Question

Let \(f(\alpha)\) be continuous for \(0 \leq \alpha \leq 2 \pi\). Let $$ u(r, \theta)=\frac{1}{2 \pi} \int_{0}^{2 \pi} f(\alpha) \frac{1-r^{2}}{1+r^{2}-2 r \cos (\theta-\alpha)} d \alpha $$ for \(r<1, r\) and \(\theta\) being polar coordinates. Show that \(u\) is harmonic for \(r<1\). This is the Poisson integral formula. [Hint: Write \(w=1+r^{2}-2 r \cos (\theta-\alpha)\) and \(v(r, \theta, \alpha)=\) \(\left(1-r^{2}\right) w^{-1}\).

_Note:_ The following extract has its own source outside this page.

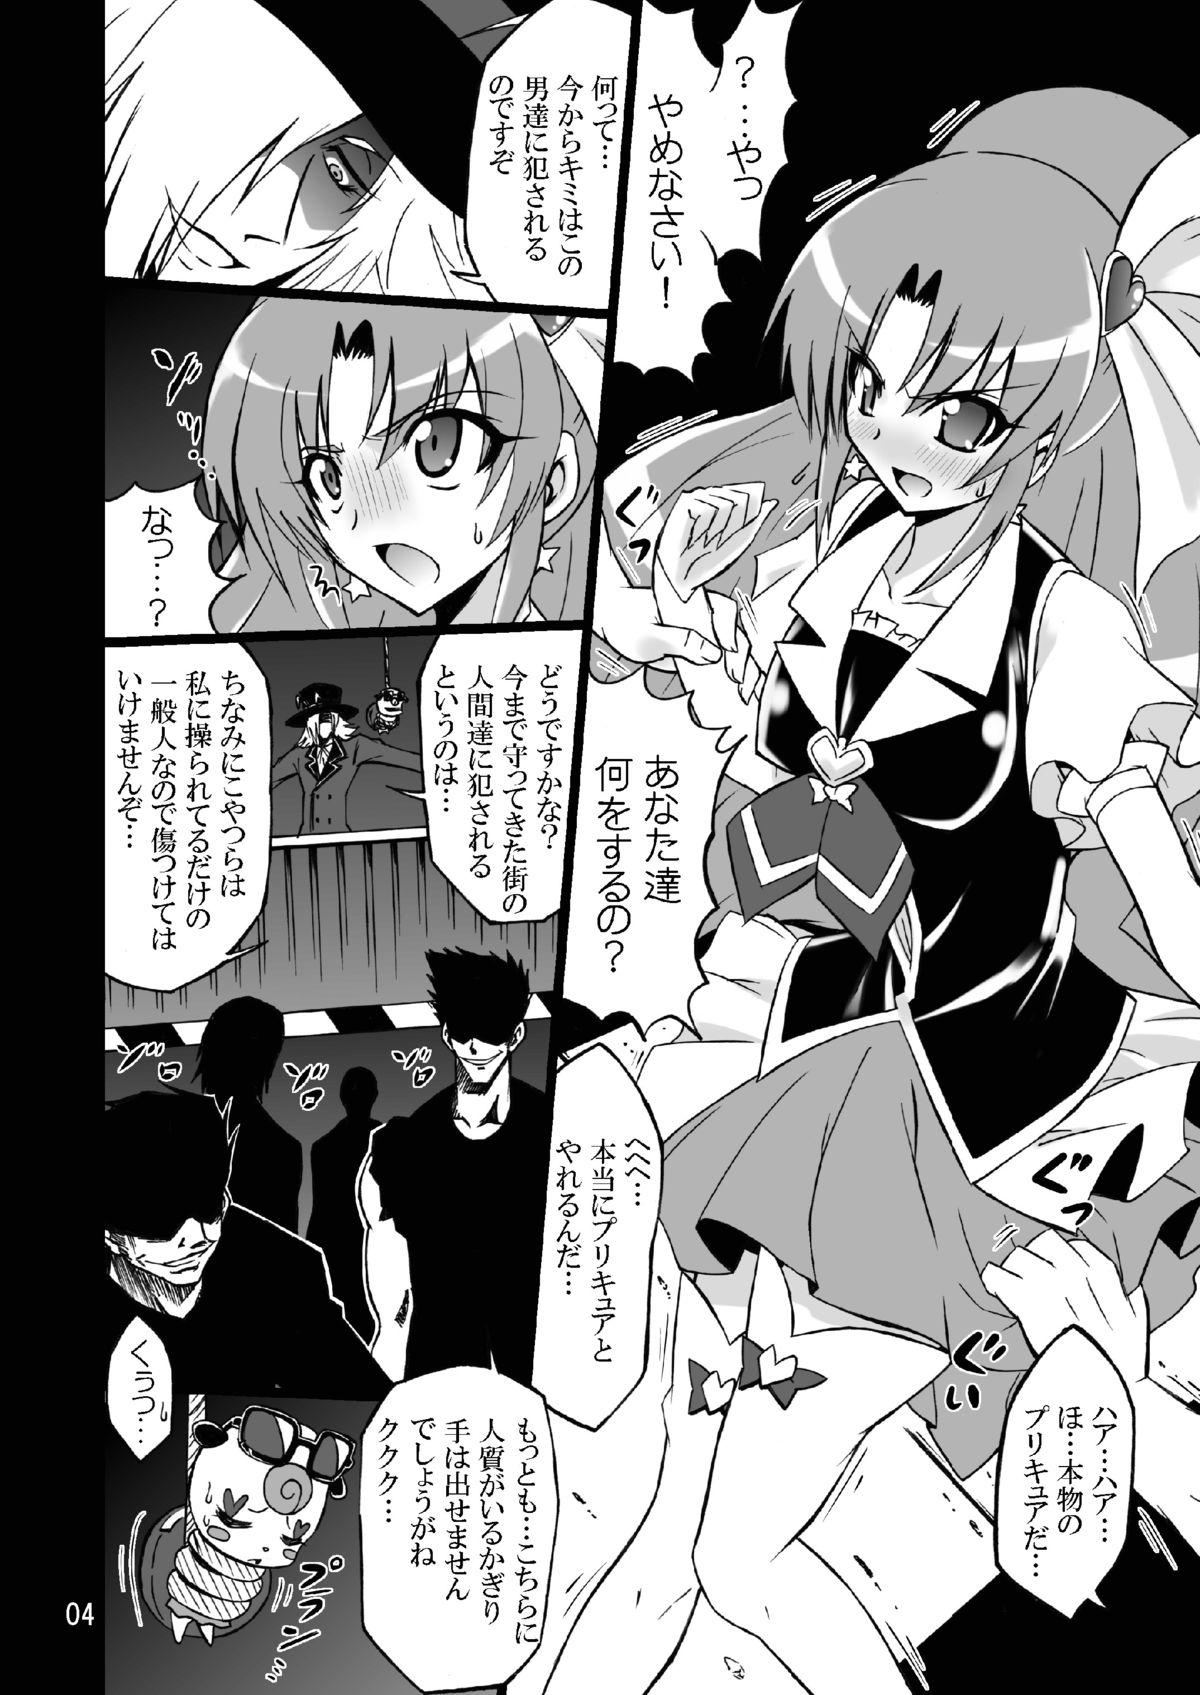 Pale WHEEL of FORTUNE - Dokidoki precure Happinesscharge precure Peru - Page 4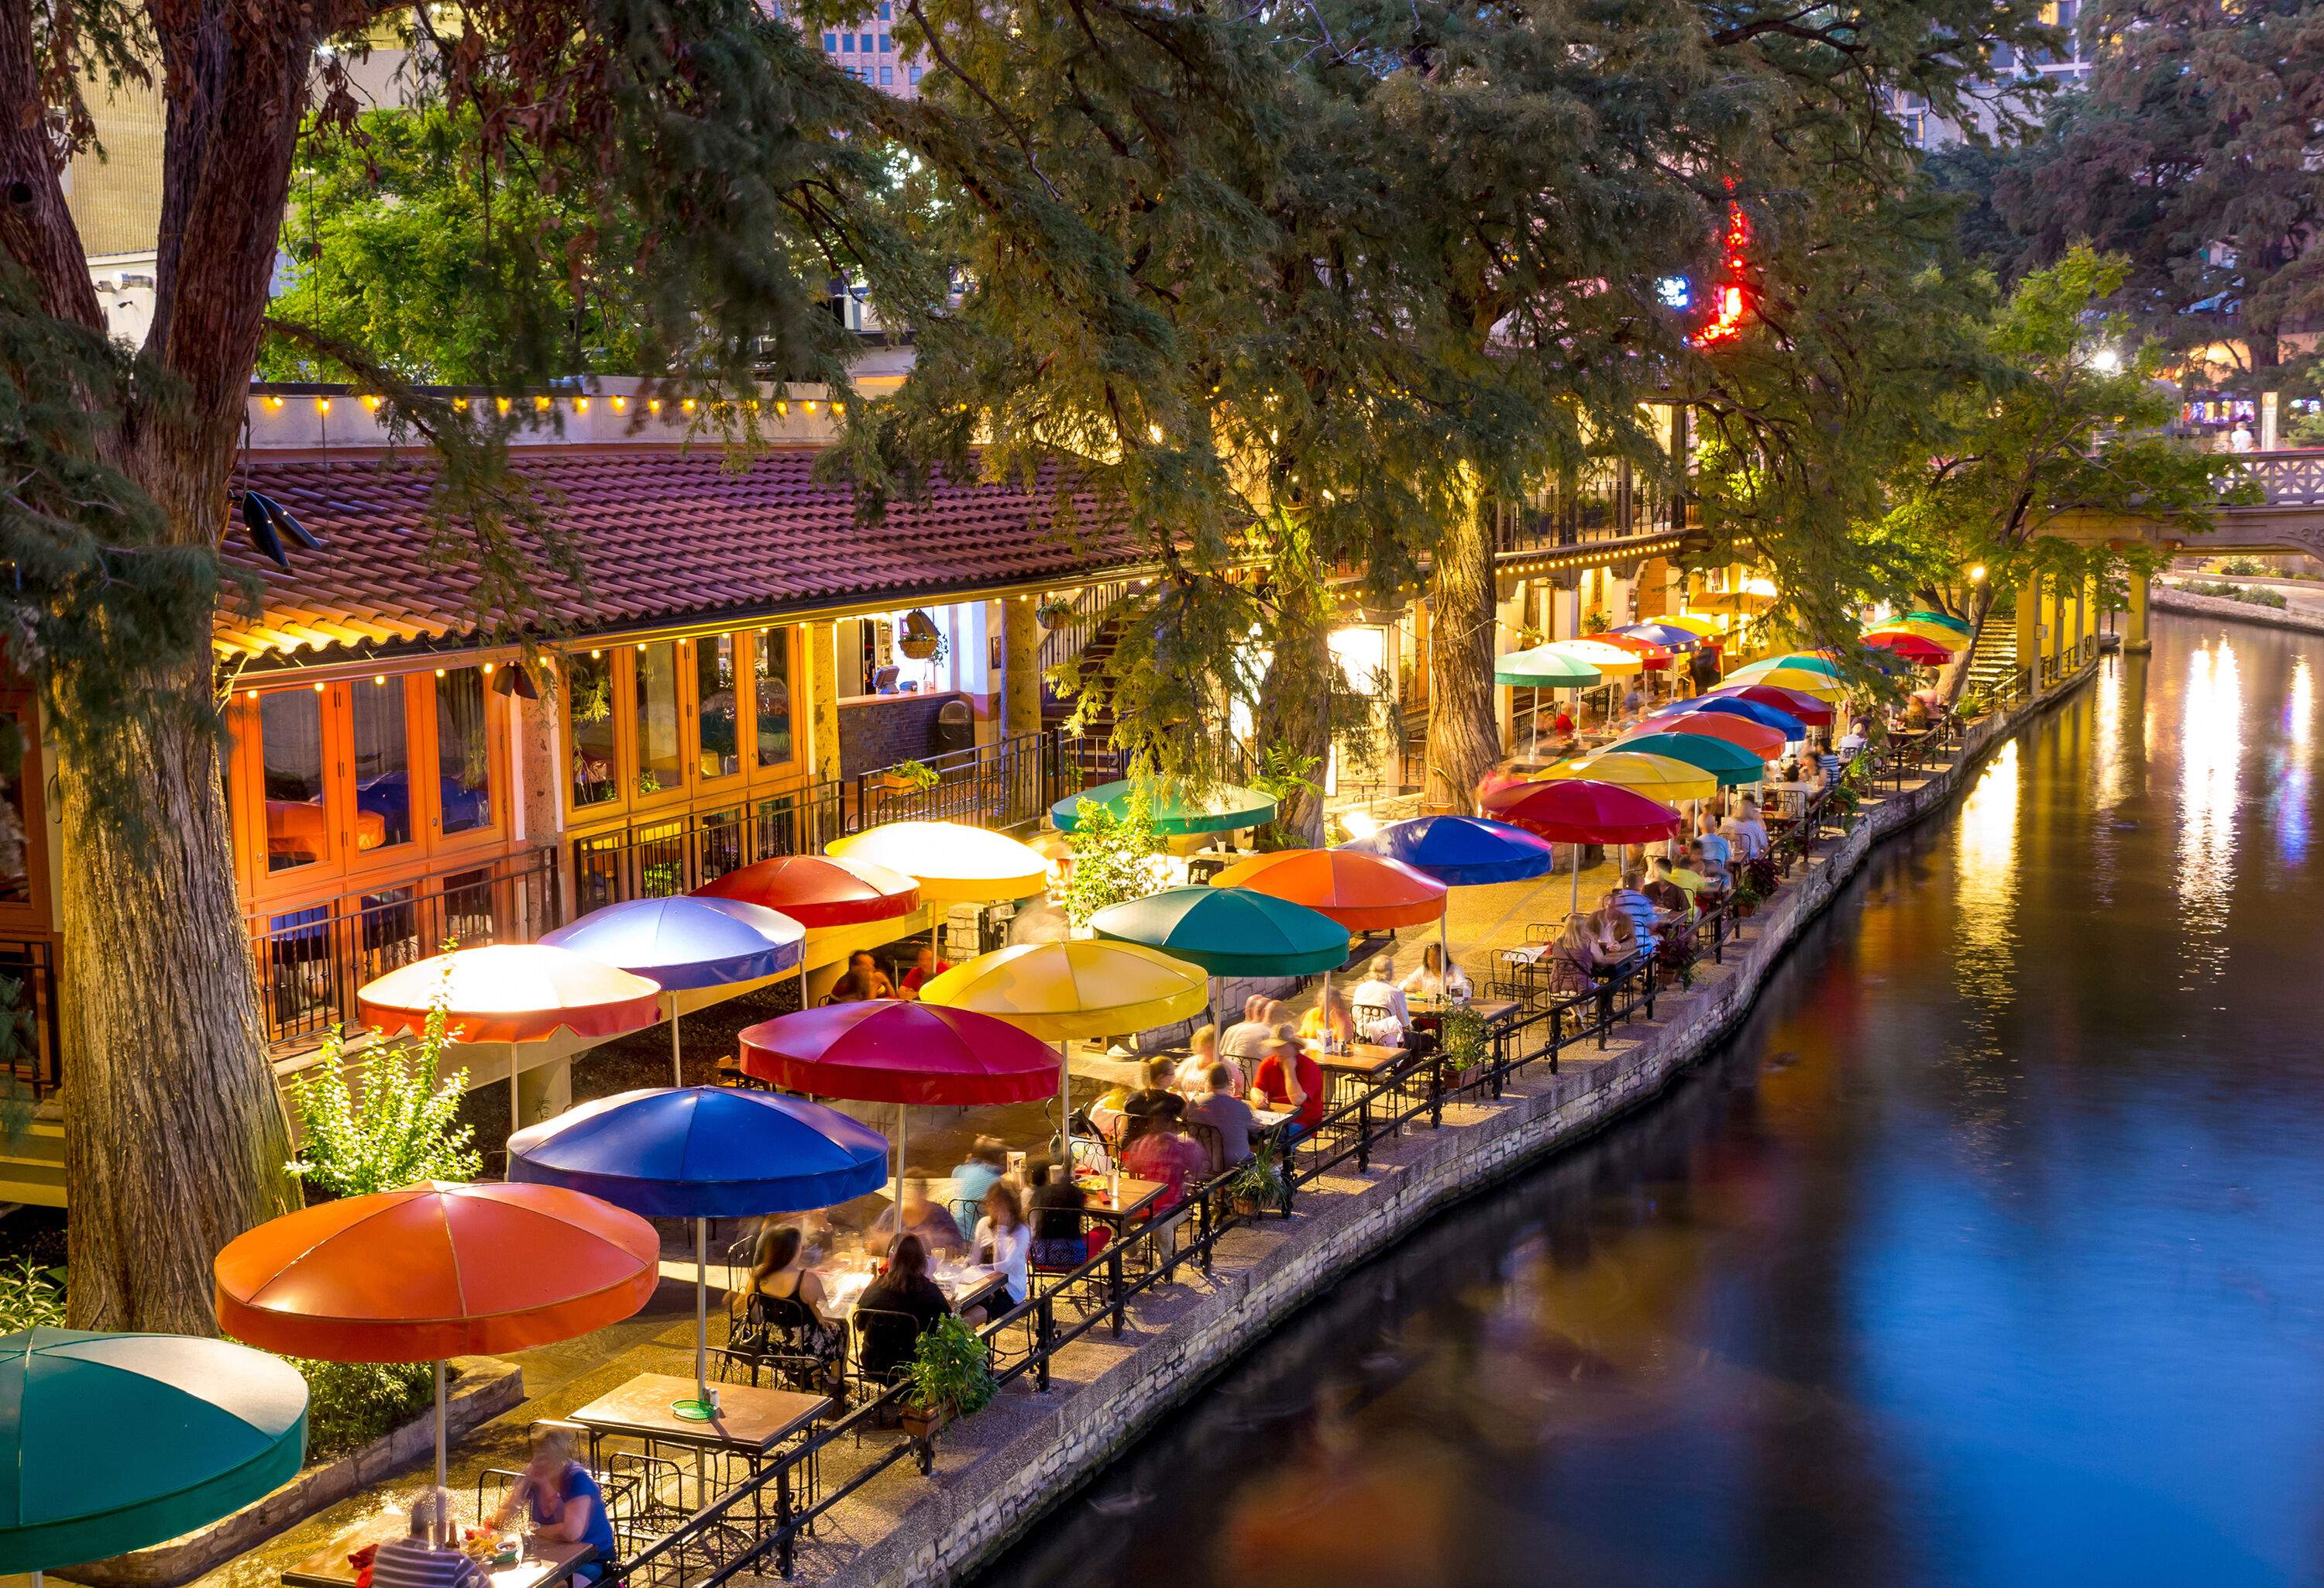 A scenic riverwalk unfolds, featuring rows of vibrant parasols and buildings with inviting outdoor dining, all set amidst a backdrop of towering trees.

Use Leibnitz's Rule to conclude that \(\nabla^{2} u=(2 \pi)^{-1} \int_{0}^{2 \pi} f(\alpha) \nabla^{2} v d \theta\), where \(\nabla^{2} v=v_{r r}+r^{-2} v_{\theta \theta}+r^{-1} v_{r}\) as in Eq. (2.138) in Section 2.17. Show that \(v_{r}=\) \(-2 r w^{-1}-\left(1-r^{2}\right) w^{-2} w_{r}\) etc. and finally $$ \begin{aligned} \nabla^{2} v=&-4 w^{-1}+\left(5 r-r^{-1}\right) w w_{r}+\left(r^{2}-1\right)\left(w^{-2} w_{r r}-2 w^{-3} w_{r}^{2}\right.\\\ &\left.+r^{-2} w^{-2} w_{\theta \theta}-2 r^{-2} w^{-3} w_{\theta}^{2}\right) . \end{aligned} $$ Multiply both sides by \(r^{2} w^{3}\), insert the proper expressions for \(w, w_{r}, \ldots\) on the right and collect terms in powers of \(r\left(r^{6}, r^{5} \ldots\right)\) to verify that \(r^{2} w^{3} \nabla^{2} v=0\) and hence \(\nabla^{2} u=0\). ]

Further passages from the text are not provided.